- Born: 5 December 1945 Bohodukhiv, Kharkiv Oblast, Ukrainian SSR, Soviet Union
- Died: 21 November 2021 (aged 75) Moscow, Russia
- Occupation: Actress
- Years active: 1967–2021

= Nina Ruslanova =

Russian actress (1945–2021)

Nina Ivanovna Ruslanova (Нина Ивановна Русланова; 5 December 1945 – 21 November 2021) was a Soviet and Russian theater and film actress.

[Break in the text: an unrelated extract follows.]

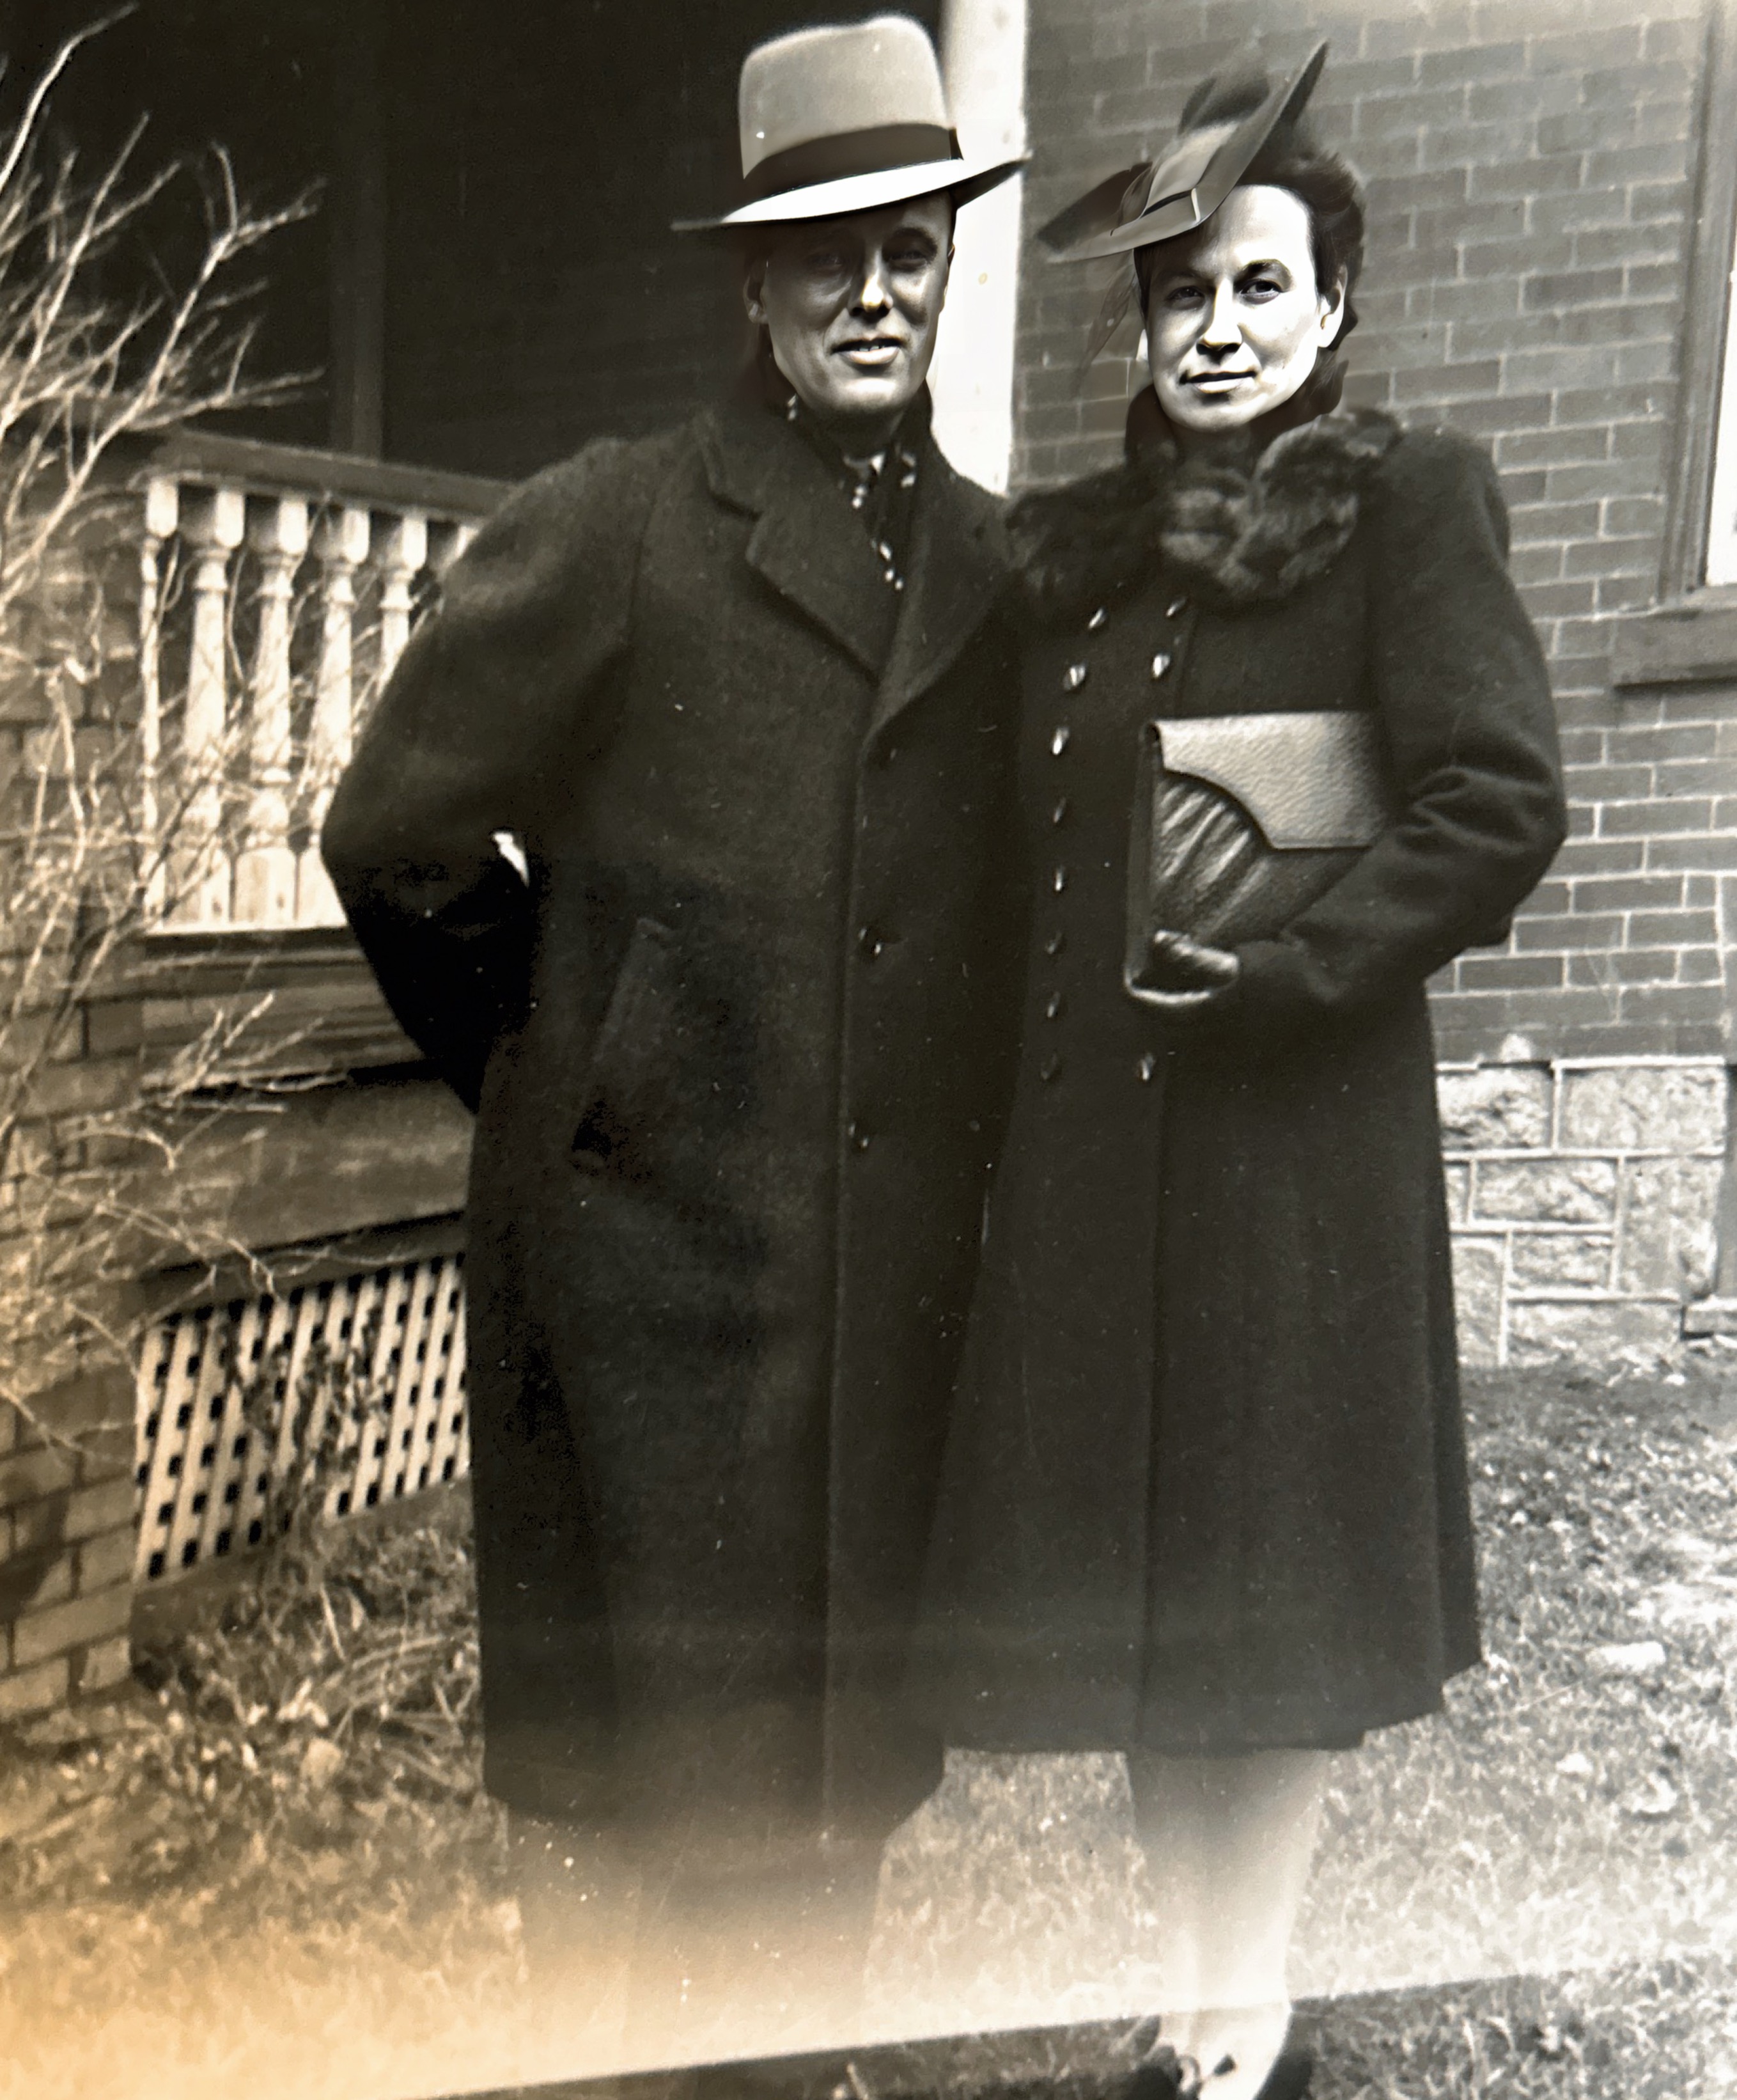 Grandma and grandpa McClure wedding day. November 21, 1942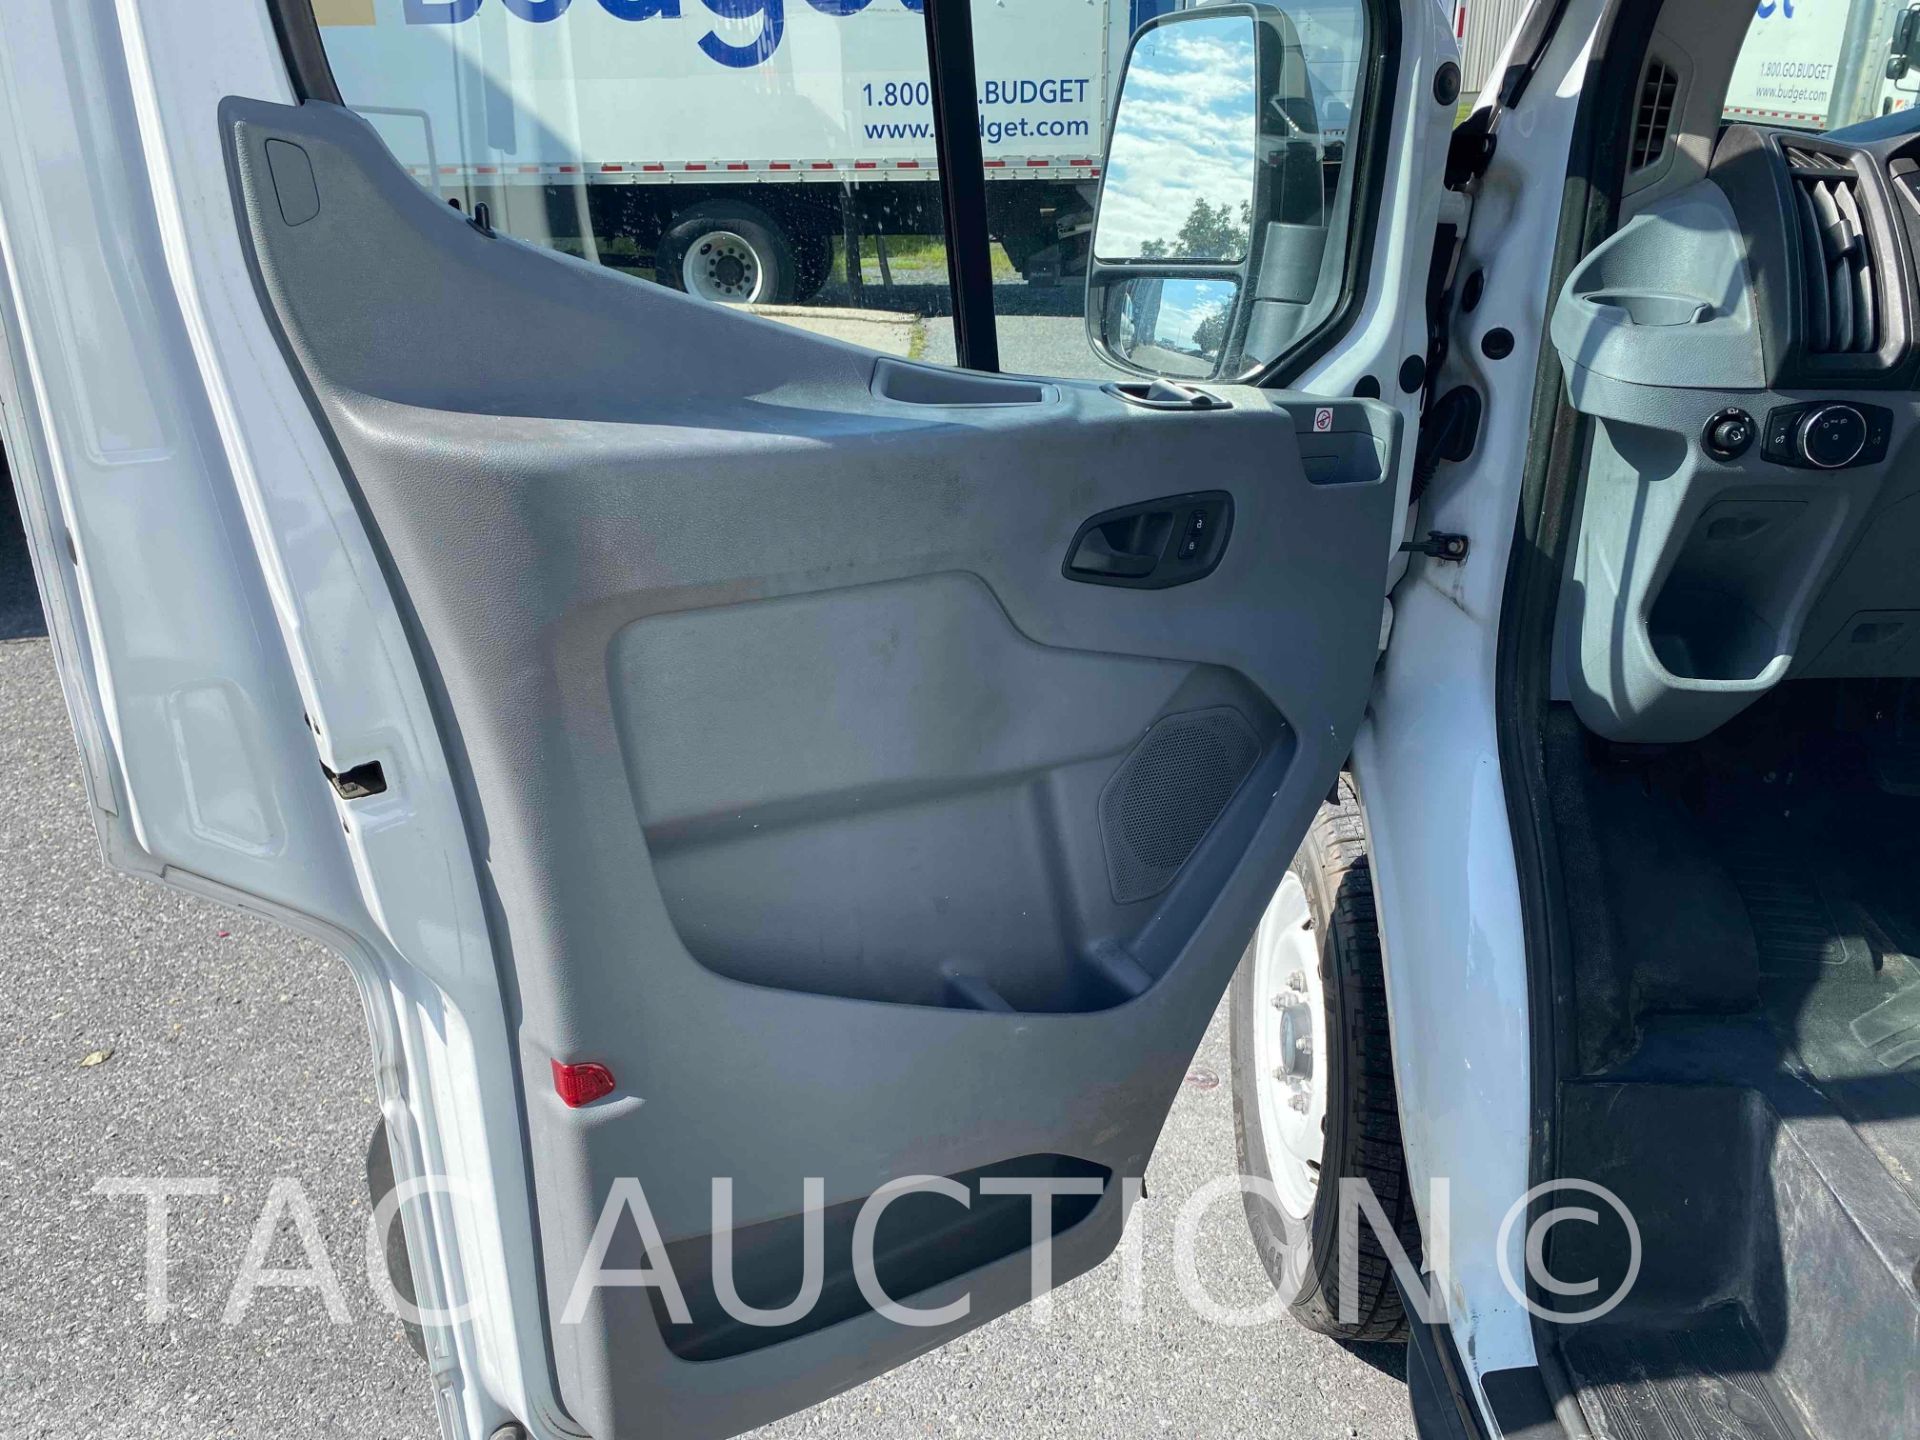 2019 Ford Transit 150 Cargo Van - Image 21 of 51

She was honored as a People's Artist of Russia (1998).

==Early life==
Ruslanova was orphaned at two months old in late winter 1945 in Bohodukhiv. Her surname (after Lidia Ruslanova) comes from the orphanages in the Kharkiv Oblast. She lived in five children's homes. She graduated from college with a degree as a construction plasterer. She then entered the Kharkiv Theatre Institute, where she studied for one term.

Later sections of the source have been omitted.